The disparity of risk between old and young is one of the inevitable factors in the Covid equation. It’s as natural as the transmission from bat to man (from beast to beast); or the virus’s necessity to use the bodies of others to live and multiply, and its tendency to do it in a transnational and classless way (the virus doesn’t give a hoot about politics). It’s also as natural as the fright and suffering caused by sickness and death; or the objective fact that the older among us (myself included, as I approach my 70s) are closer to death than youngsters, and less resistant to this and other viral or bacterial attacks.
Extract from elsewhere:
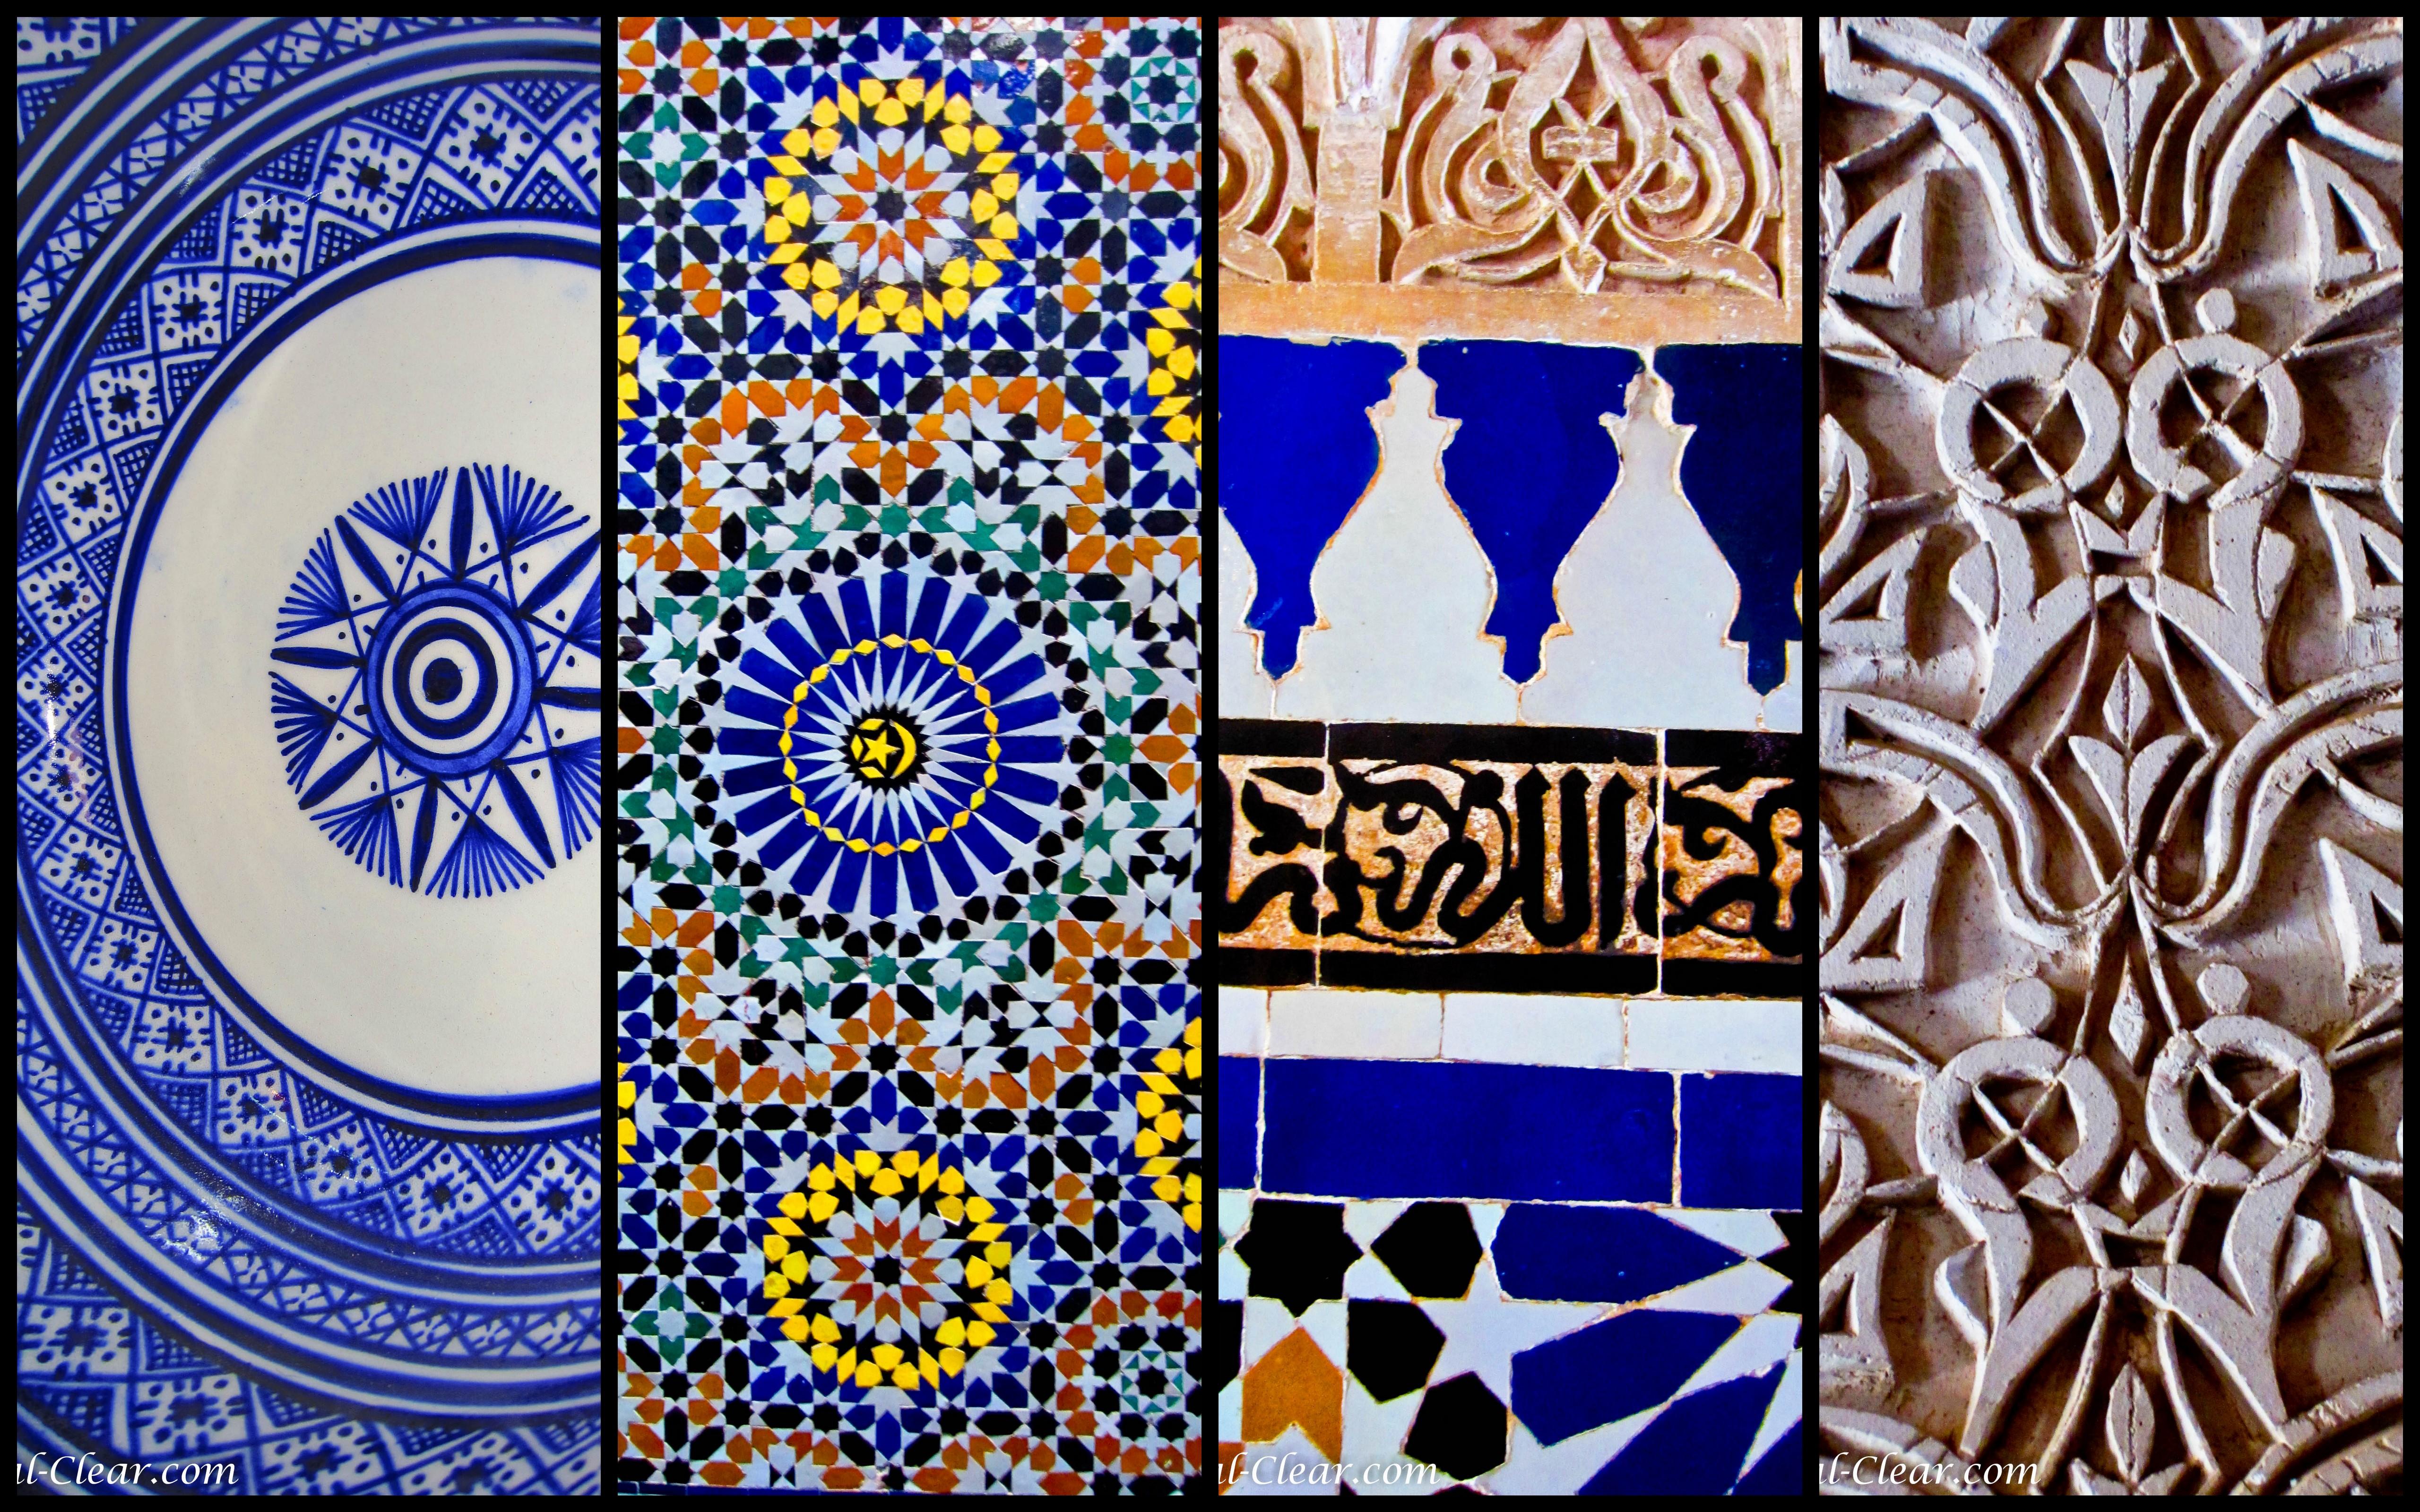 Moroccan Designs Collage - Tierra Este   #72718

I’m not suggesting we should absolve those who don’t care about the health measures and go around without a mask. Nor do I think we should acquit the many governments that have underestimated the virus and failed to enforce the necessary precautions, especially the most unpopular ones. I’m not a fatalist. Rather, I am saying that the very inevitability of Covid (and of pain and death) makes the avoidable mistakes we commit more serious and inadmissible. One of these errors – apart from some macroscopic healthcare failings, and an intolerably widespread difference in care and protection depending on one’s income – is the obsession with finding easy explanations. Answers that are so facile they let us simply erase the evil once a culprit has been identified.
That’s not how it works. Nature, as we’re learning to our cost, consists of a very complicated set of relationships and conflicts. These include the different effects that a coronavirus can have on people’s health depending on their age. This doesn’t mean it’s a good idea to unionise the different age groups – establishing a Youth Union, all school and nightlife, and a Guild of the Elderly, all lockdown and prudence. Defying their hormones, many young people have been dutiful and considerate during lockdowns. And many old people have compensated them well in advance by dipping into their pensions and savings to subsidise their grandchildren’s partying and holidaying. Let’s call it a draw.